Tapi ia, juga orang-orang yang tubuhnya telah lama tertanam dan tumbuh-biak-berakar di kampung petani ini, adalah sekelompok paranoid, yang menanggung kecemasan pada dua frasa. Dua frasa ini merupa hantu, bergentayangan, menyusup, menyelinap, dan acapkali hadir dalam sengkarut mimpi, mengganggu tidur. Dan saat bayangannya hadir, ia membawa peristiwa-peristiwa buruk, yang menyerang, datang beruntun. Maka, ketahuilah bahwa dua frasa itu sesungguhnya kini hadir lebih sebagai sebuah energi yang menghancurkan,menghancurkanku, dan menghancurkanmu, selain bahwa ia juga sedang menghadirkan dirinya dalam sosoknya yang energik, molek dan penuh kemegahan.
Aku hanya ingin mendengar dua frasa itu darimu....
Sekarang aku telah pergi, tiada lagi apel, padi, domba,untukmu wahai istriku

Dan lihatlah kebelakang
tiada yang bisa memuaskanmu.

Lastri menangis, bulan tetap ada pada tempatnya, tak berubah sedikitpun, dan pemandangan di depan telah menjadi sepi, tiada domba, apel, anggur, padi menguning dan pucuk teh yang segar. Dan ia sadar itulah akhir penjalanannya. Akhir pada bulan yang tetap tenang, akhir pada suaminya yang melayang dibawa angan angannya pada bulan, dekapan bulan dan terang jalan kehidupan.

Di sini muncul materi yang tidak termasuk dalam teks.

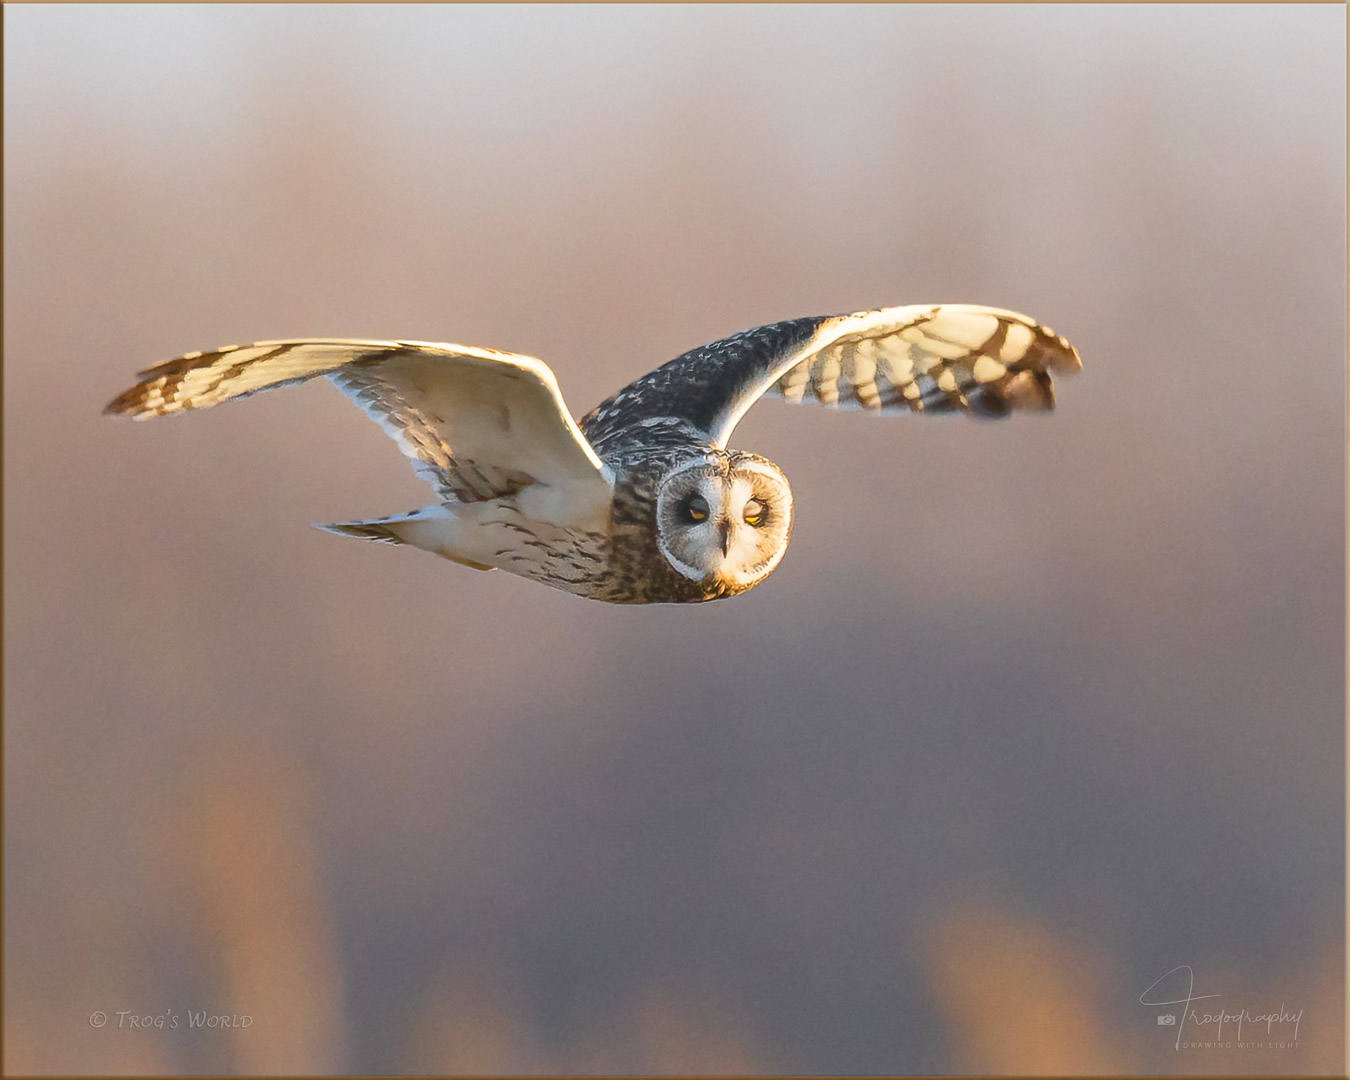 Short-eared Owl in flight during sunset

Dan Lastri melihat kebelakang, semua telah menjadi kering, tak ada sisa lagi untuknya, semua telah sirna ditelan hawa nafsunya. Dan ia ingat pada suaminya, suaminya yang merasa takut menghadapi dirinya. kini tak lagi ia akan temu, kecuali hanya kesendirian, dan penyesalan

Tiada lagi masa depan, waktu terhenti, ruang menjadi sempit dan segalanya yang diangan angan, dan semua yang telah terjadi menjadi sia sia. Hanya ada bayangan, frasa yang tidak tertemukan.